- _TASK TO COMPLETE_
The listing below is to be duplicated exactly, with every picture omitted.

- _DATA_

--------------------------------------------------

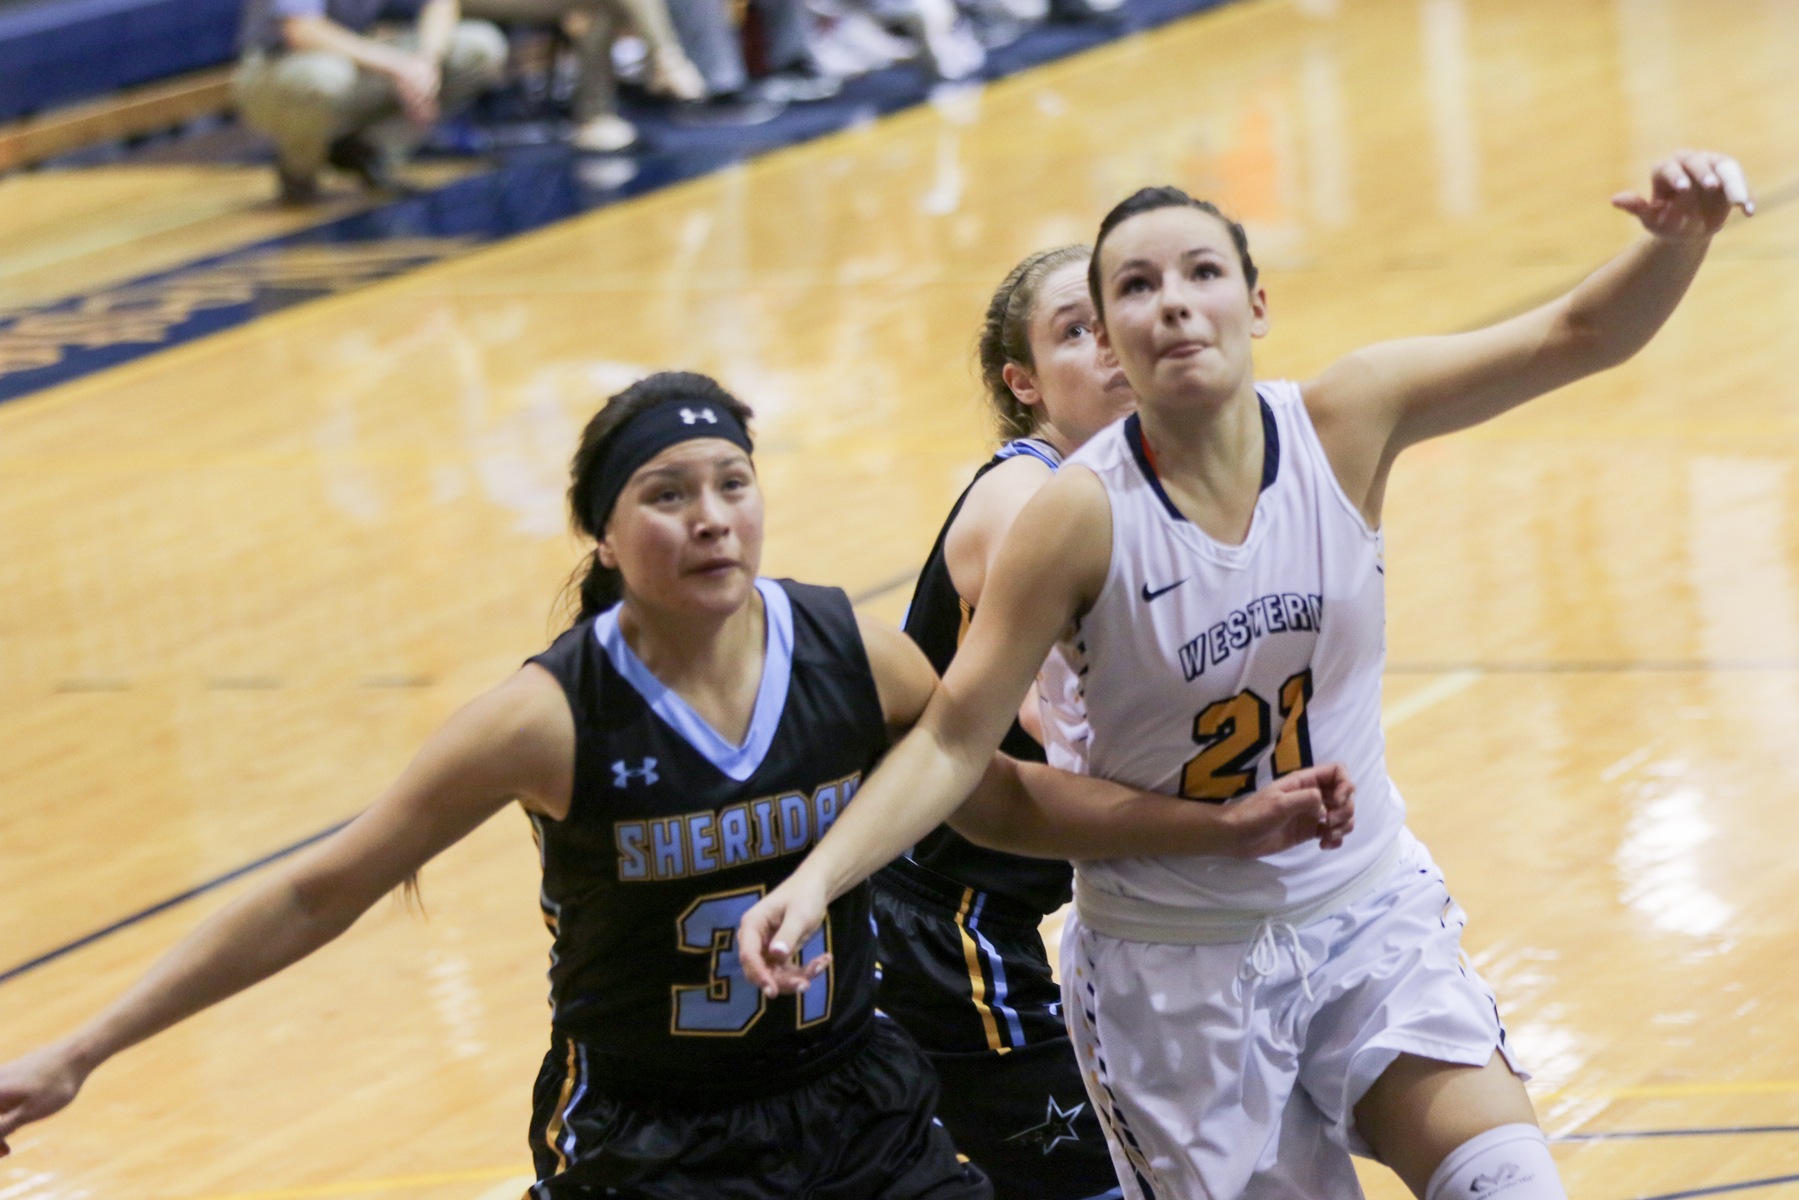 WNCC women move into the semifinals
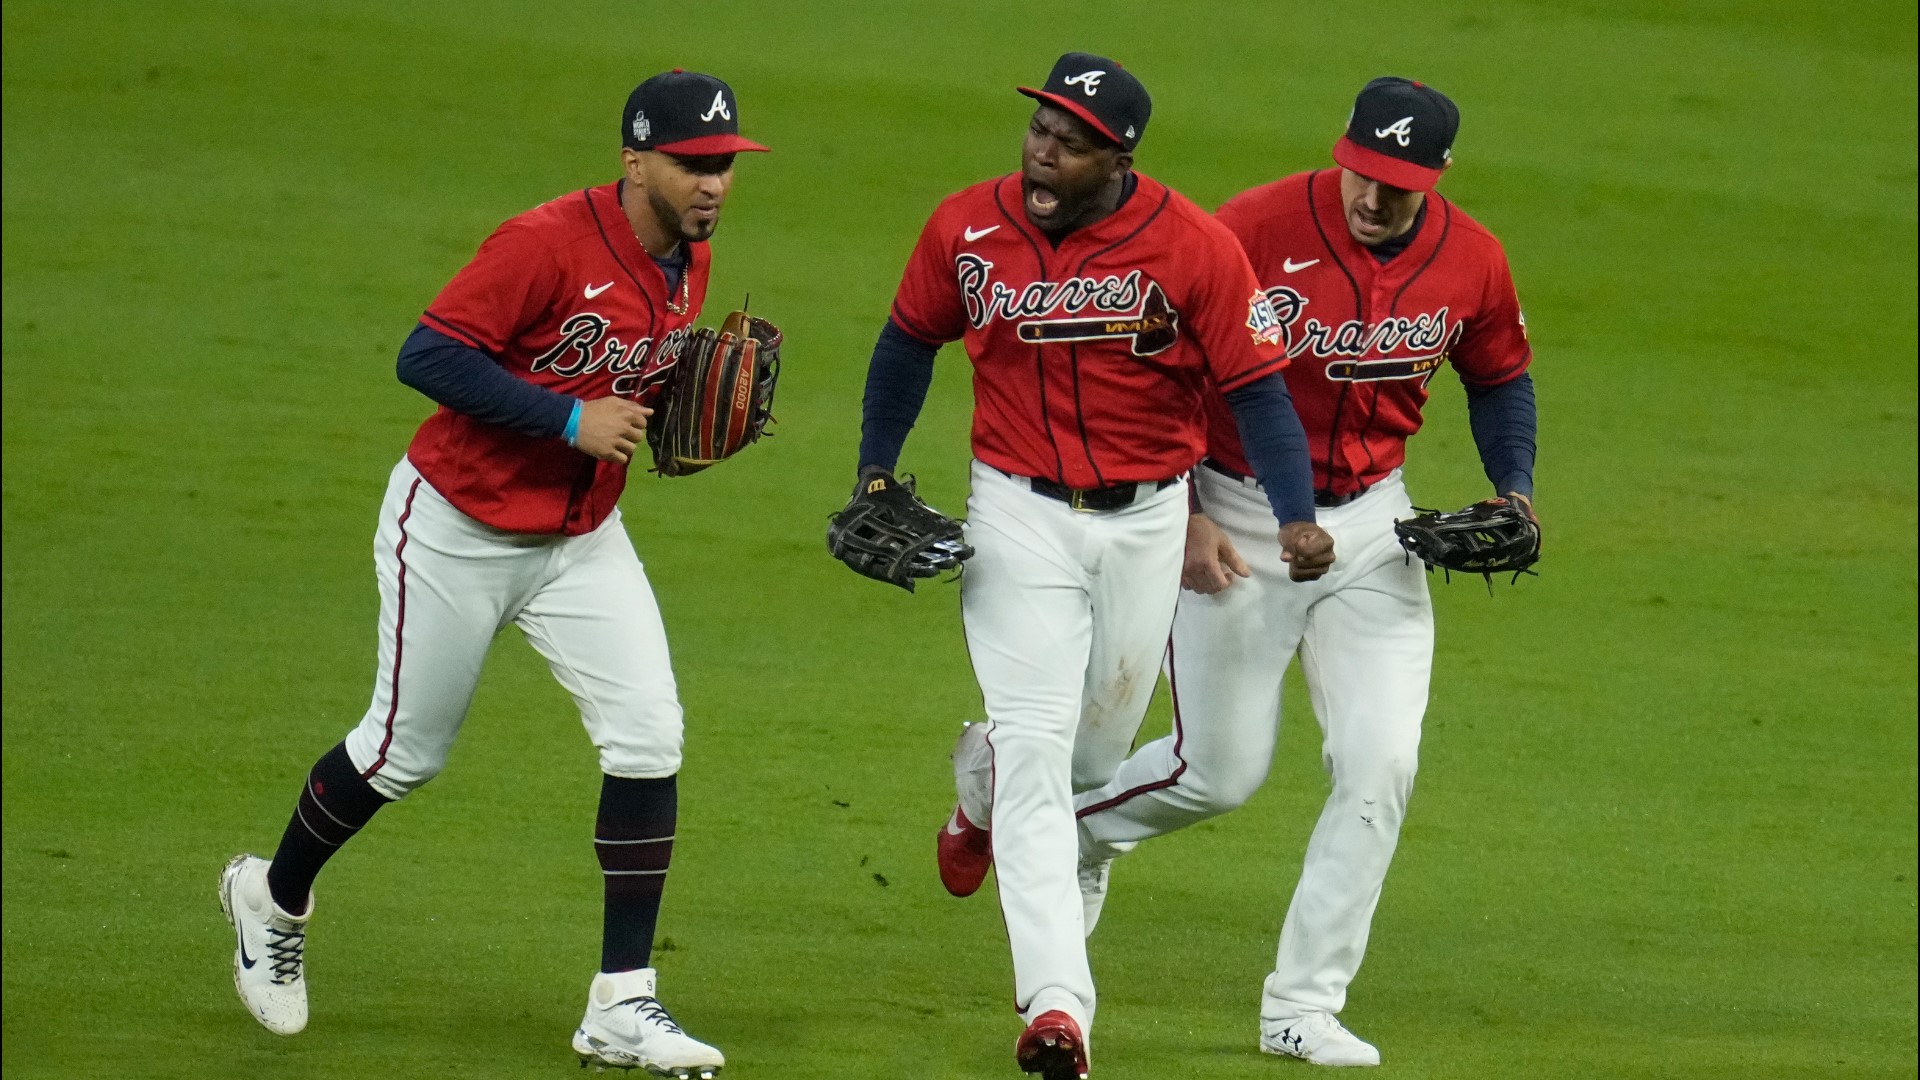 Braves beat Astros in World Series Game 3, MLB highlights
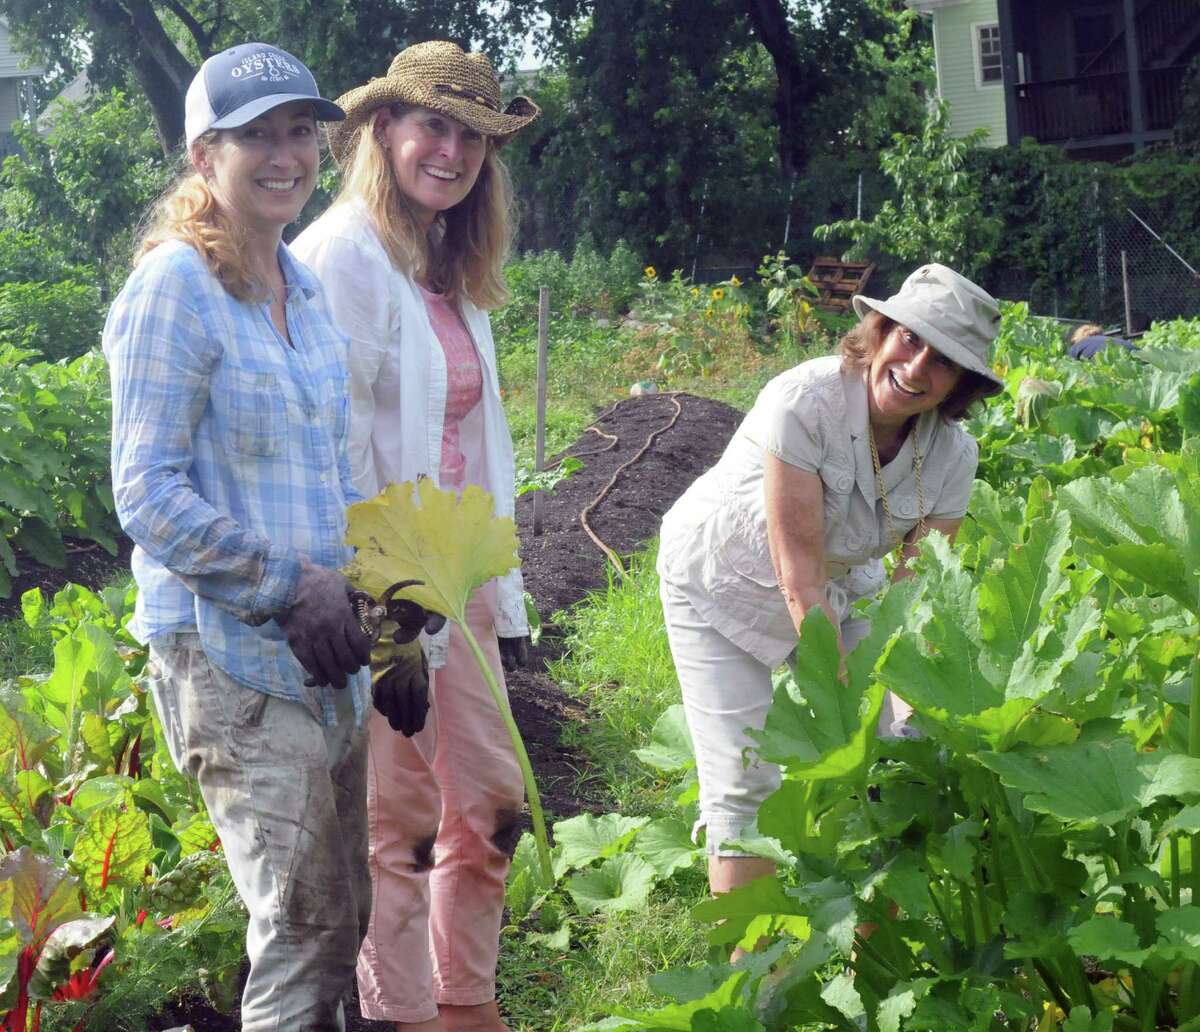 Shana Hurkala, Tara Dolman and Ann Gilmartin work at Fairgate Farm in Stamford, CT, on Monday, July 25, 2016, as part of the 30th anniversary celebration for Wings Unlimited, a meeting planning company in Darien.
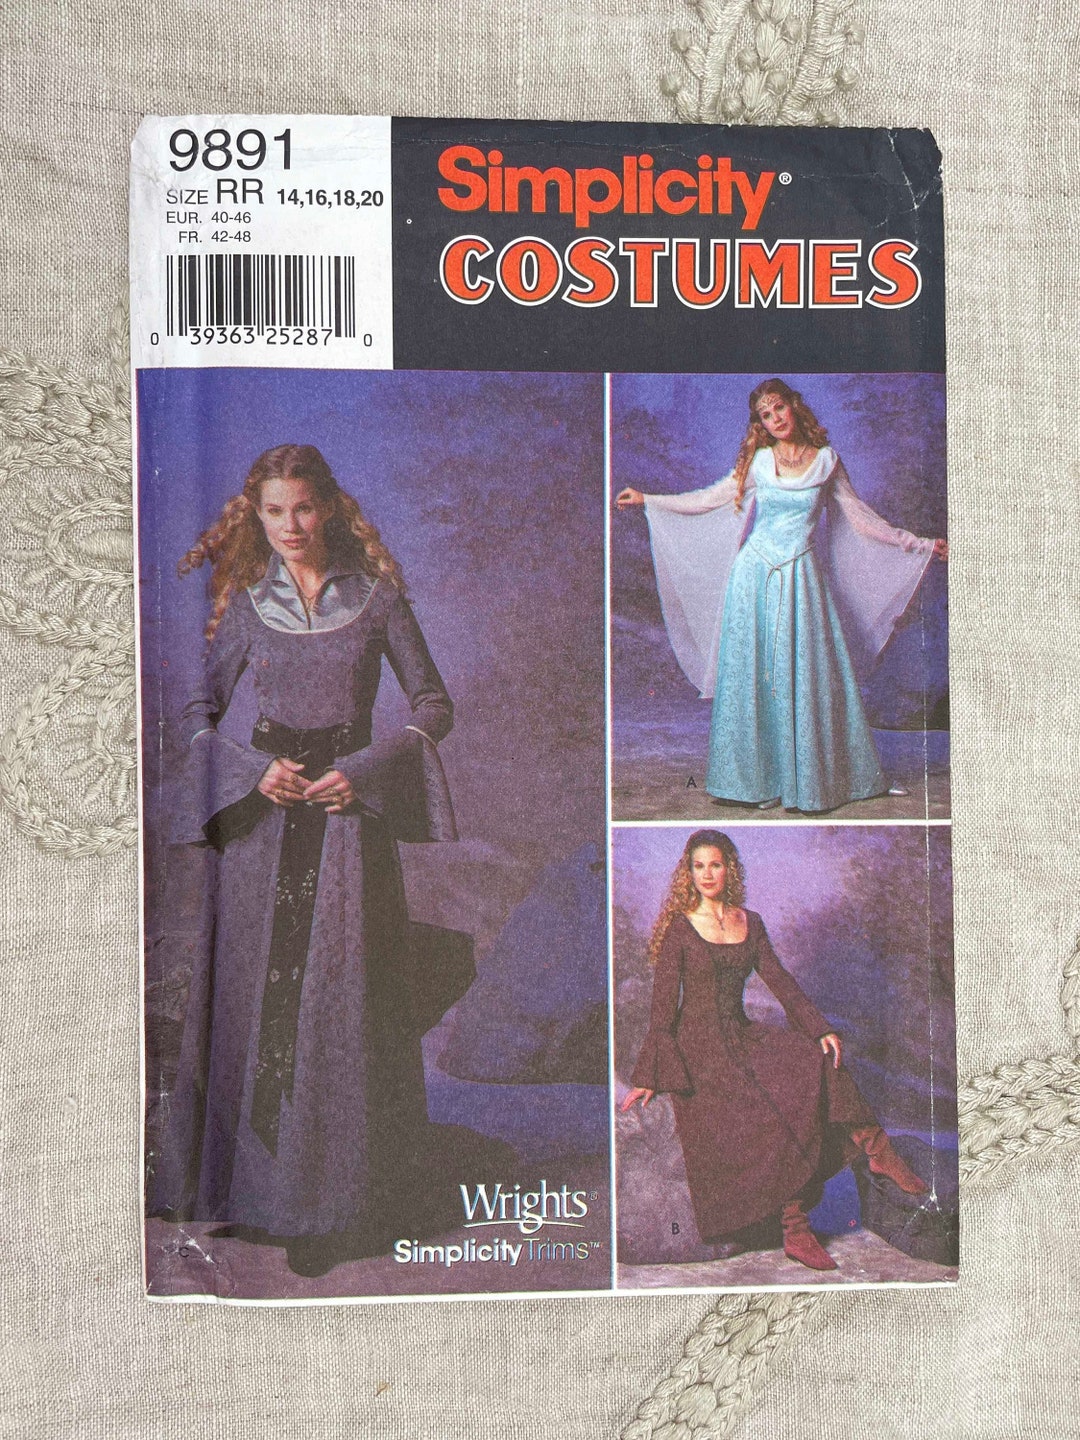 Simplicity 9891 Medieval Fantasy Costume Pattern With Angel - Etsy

--------------------------------------------------

- _RESULT OF THIS EXERCISE_
 WNCC women move into the semifinals
 Braves beat Astros in World Series Game 3, MLB highlights
 Shana Hurkala, Tara Dolman and Ann Gilmartin work at Fairgate Farm in Stamford, CT, on Monday, July 25, 2016, as part of the 30th anniversary celebration for Wings Unlimited, a meeting planning company in Darien.
 Simplicity 9891 Medieval Fantasy Costume Pattern With Angel - Etsy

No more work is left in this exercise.